Information supplied:
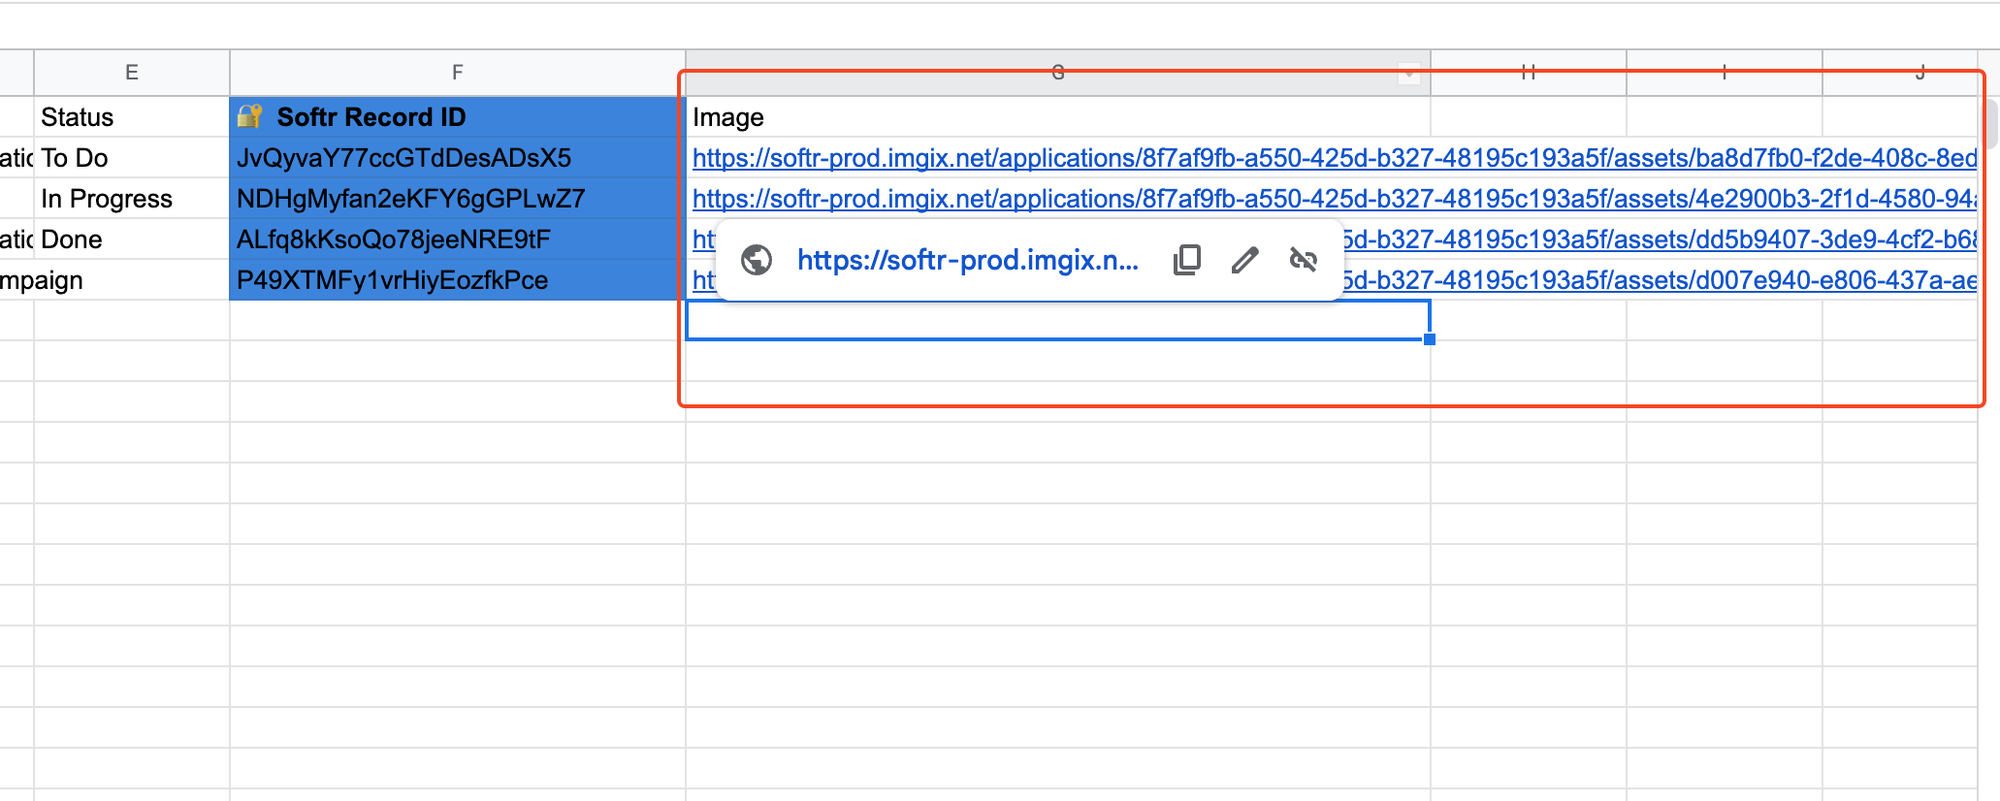 The Image field on Google Sheets
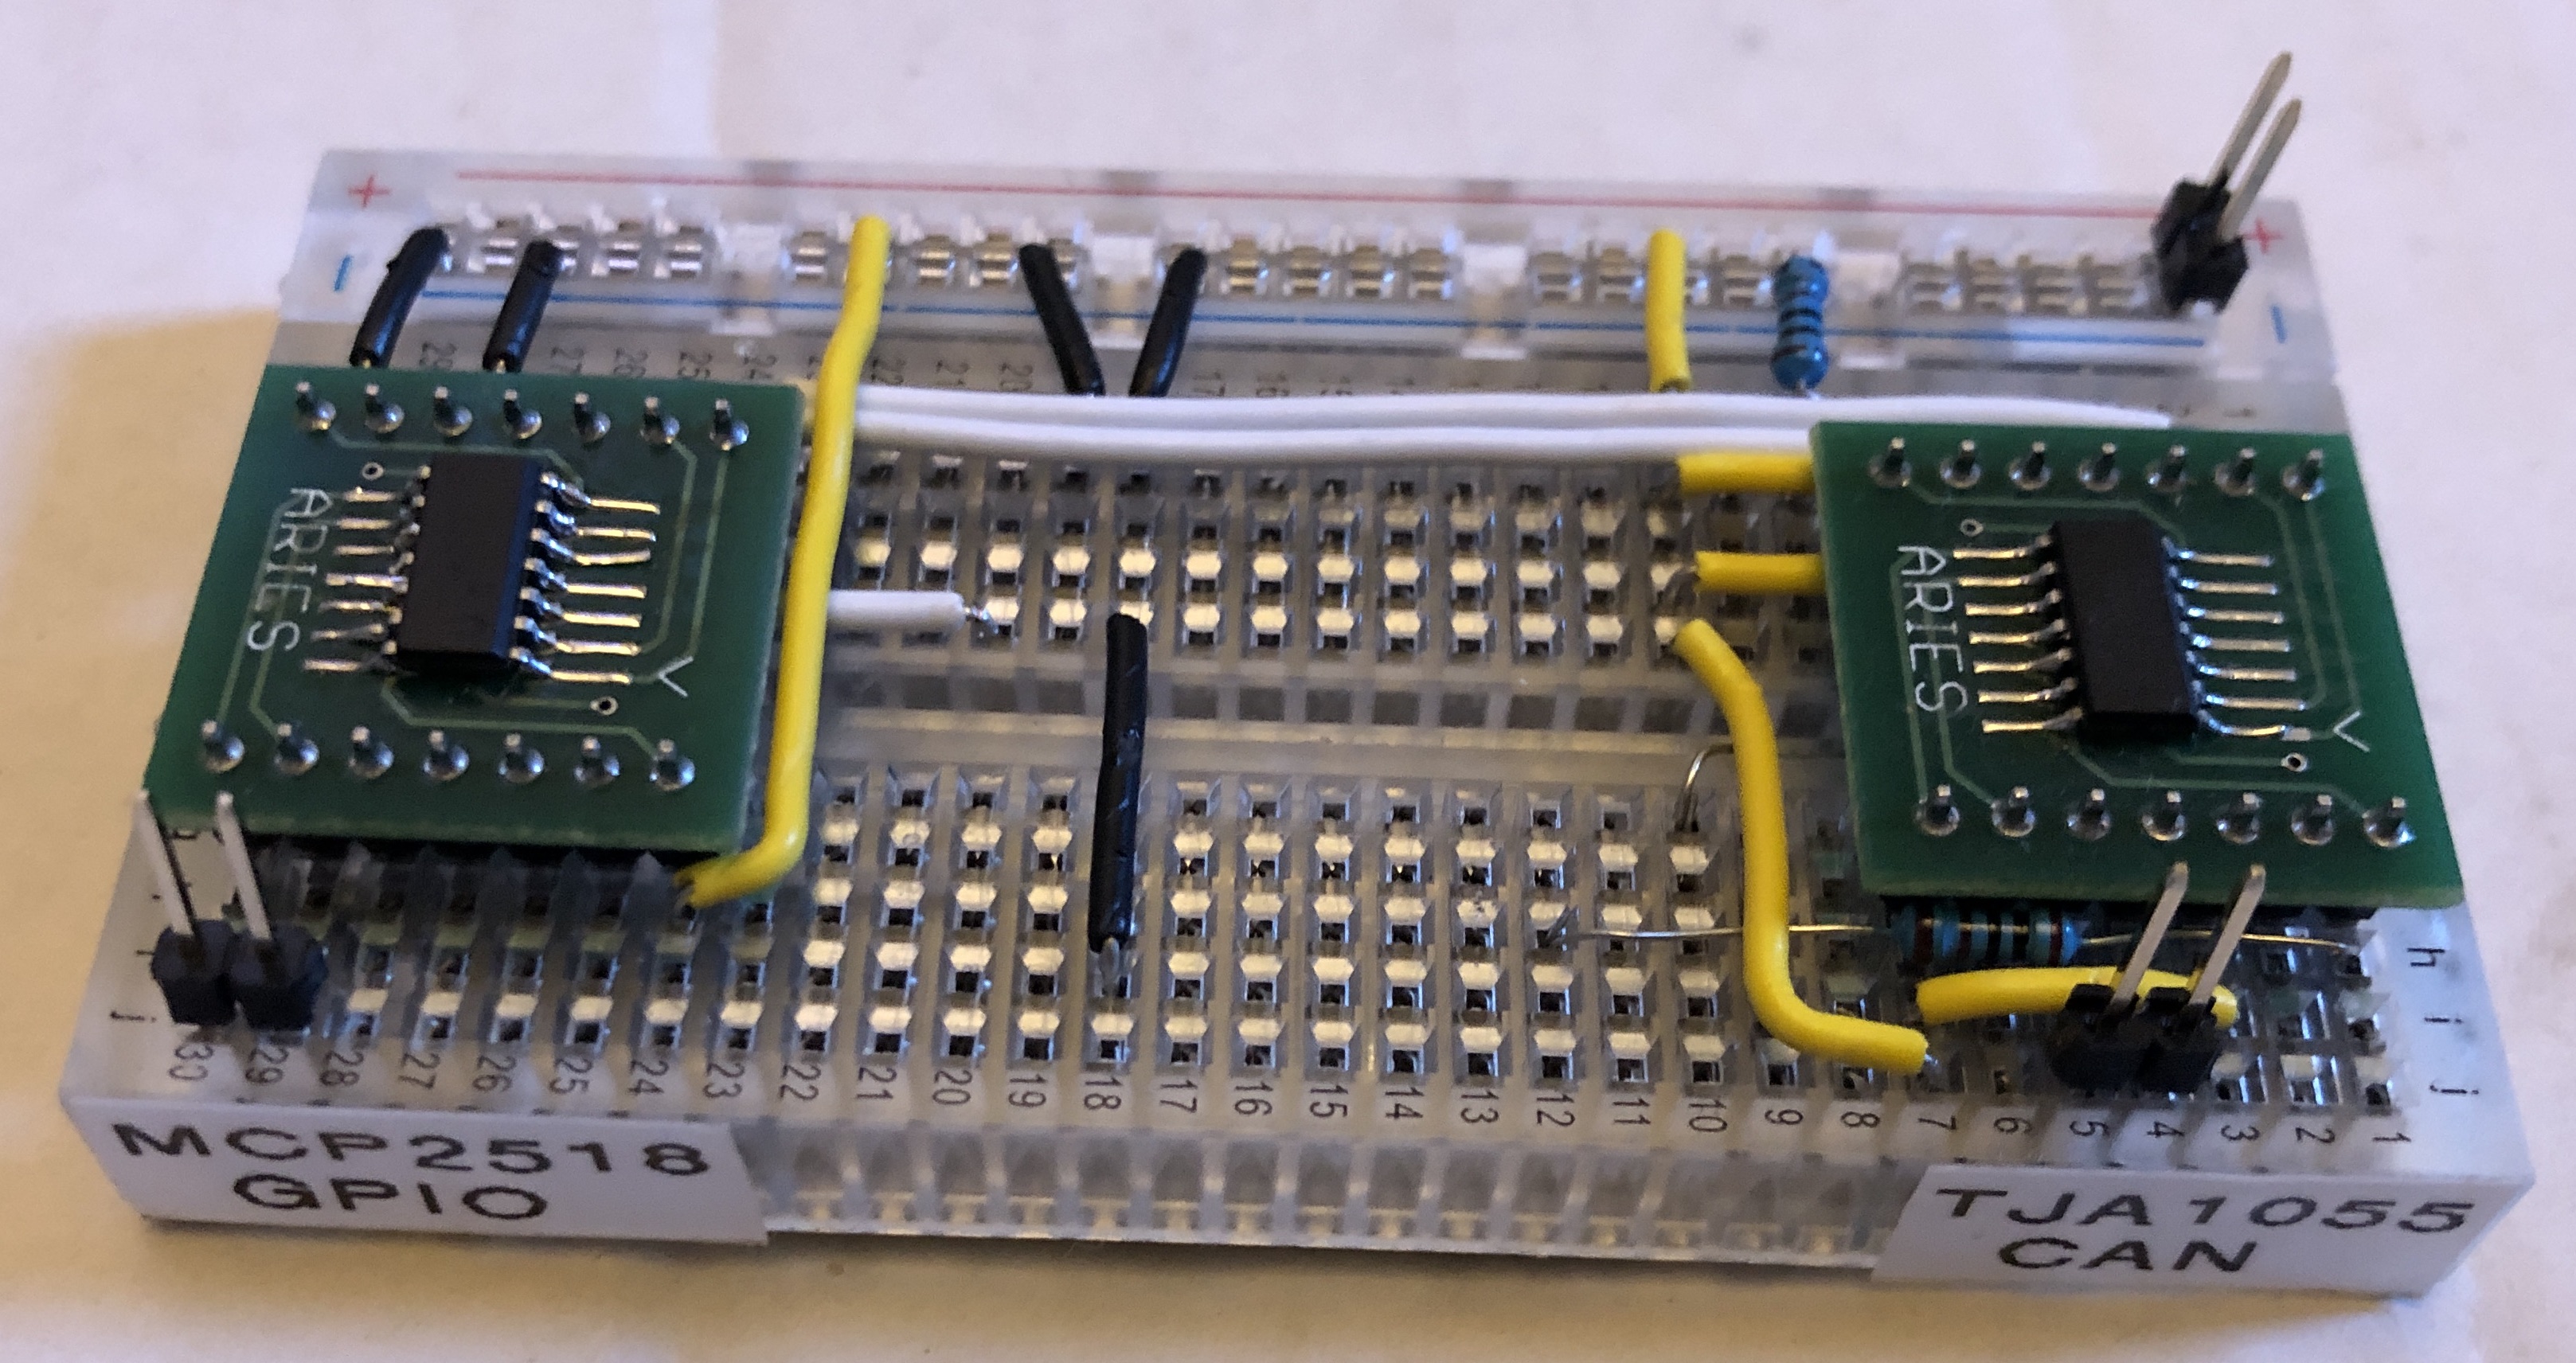 CAN-bus wiring on bread board
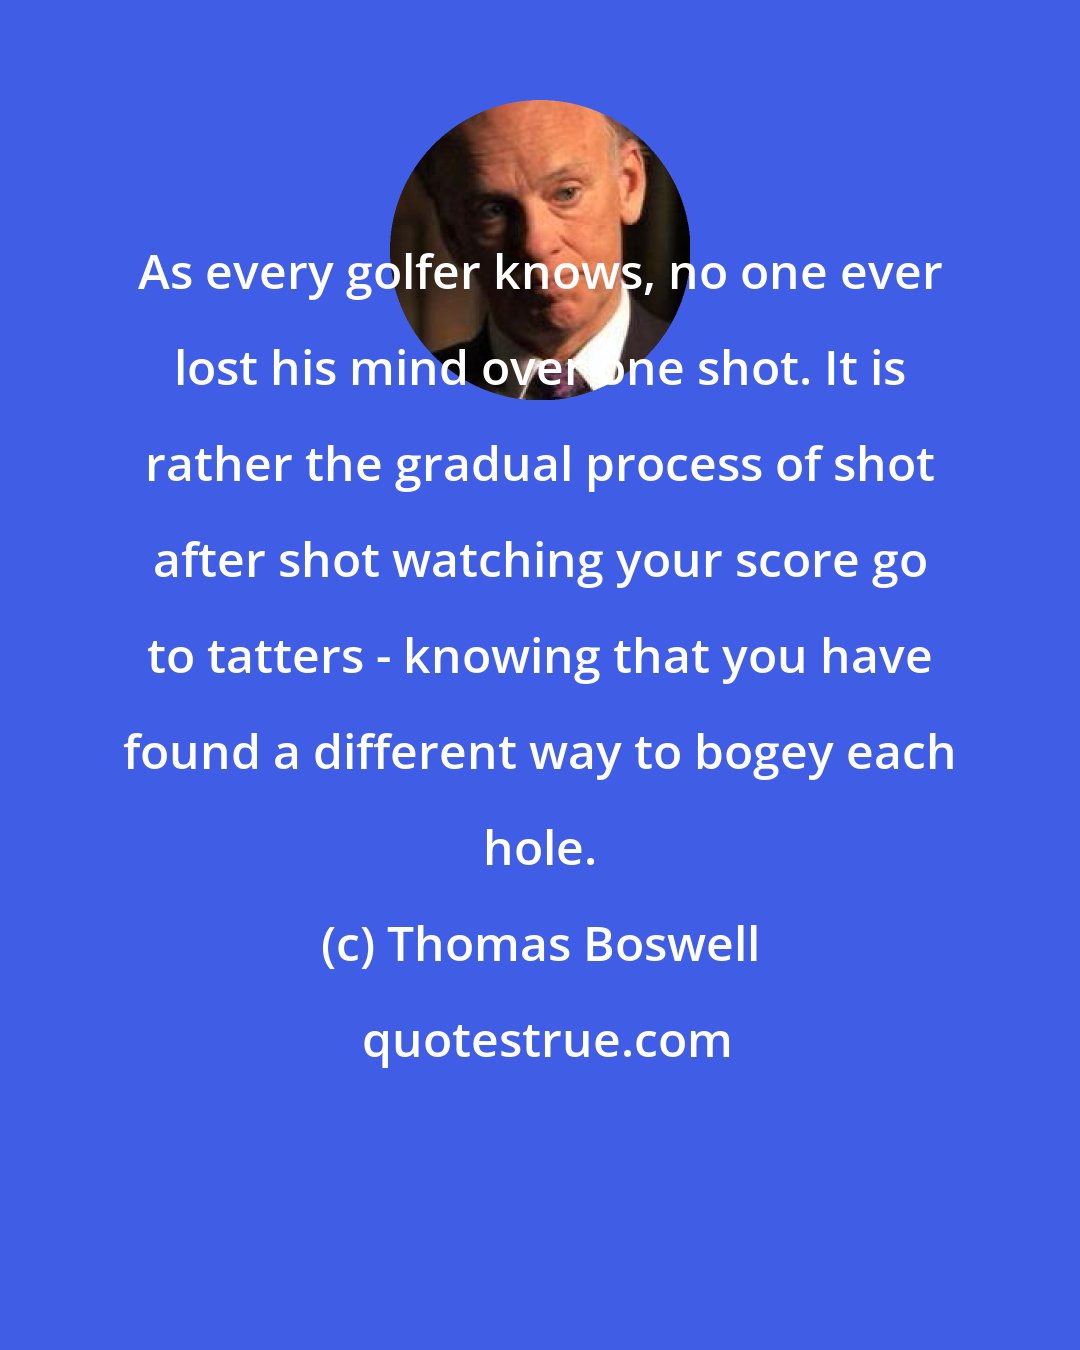 Thomas Boswell: As every golfer knows, no one ever lost his mind over one shot. It is rather the gradual process of shot after shot watching your score go to tatters - knowing that you have found a different way to bogey each hole.

About this exercise: Repeat the listing verbatim without its pictures.

Answer for the task:
 The Image field on Google Sheets
 CAN-bus wiring on bread board
 Thomas Boswell: As every golfer knows, no one ever lost his mind over one shot. It is rather the gradual process of shot after shot watching your score go to tatters - knowing that you have found a different way to bogey each hole.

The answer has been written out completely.